Glycosylation of peptides is typically N-linked or O-linked. N-linked refers to the attachment of the carbohydrate moiety to the side chain of the asparagine moiety. The tripeptide sequences asparagine-X-serine and asparagine-X-threonine, where X is any amino acid except proline, are recognition sequences for enzymatically attaching carbohydrate residues to the asparagine side chain. Thus, the presence of one of these tripeptide sequences in the polypeptide creates a potential glycosylation site. O-linked glycosylation refers to attaching one of the sugars N-acetylgalactosamine, galactose or xylose to a hydroxyamino acid, most commonly serine or threonine, but 5-hydroxyproline or 5-hydroxylysine You can also use

The addition of the glycosylation site to the peptide is conveniently carried out by changing the amino acid sequence to contain one or more of the aforementioned tripeptide sequences (for N-linked glycosylation sites). These changes may also be made by adding or substituting one or more serine or threonine residues to the sequence of the original antibody (for O-linked glycosylation sites).

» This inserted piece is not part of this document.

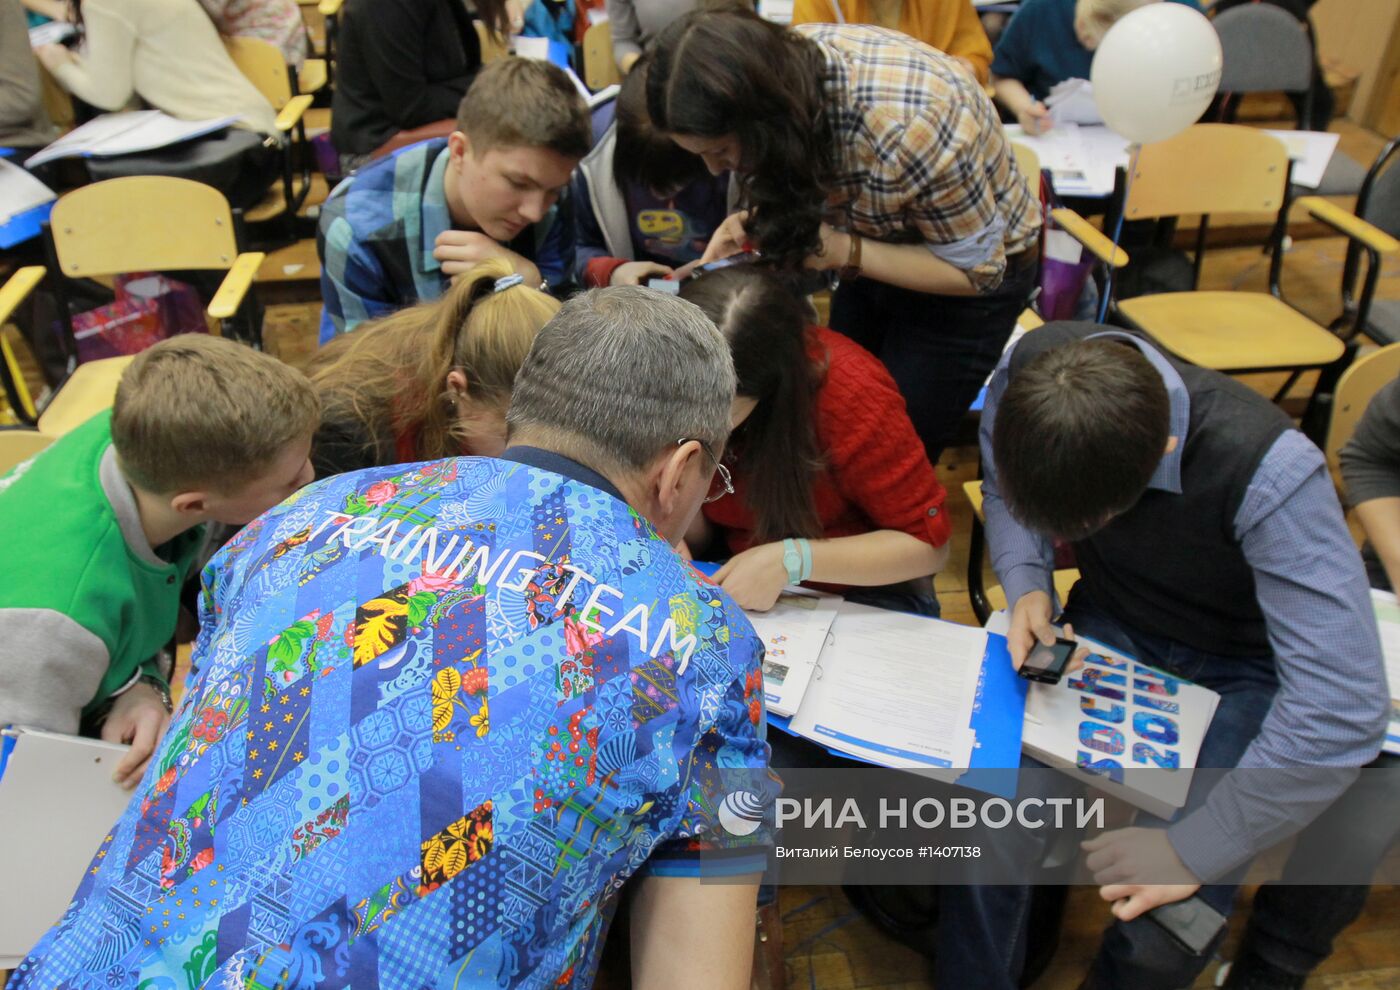 Старт обучения волонтеров "Сочи-2014"

In addition, a peptide having the sequence of SEQ ID NO: 1 according to an aspect of the present invention, a peptide that is a fragment of the sequence of SEQ ID NO: 1, or a peptide having a sequence homology of 80% or more with the peptide sequence has low toxicity in cells and It has the advantage of high stability.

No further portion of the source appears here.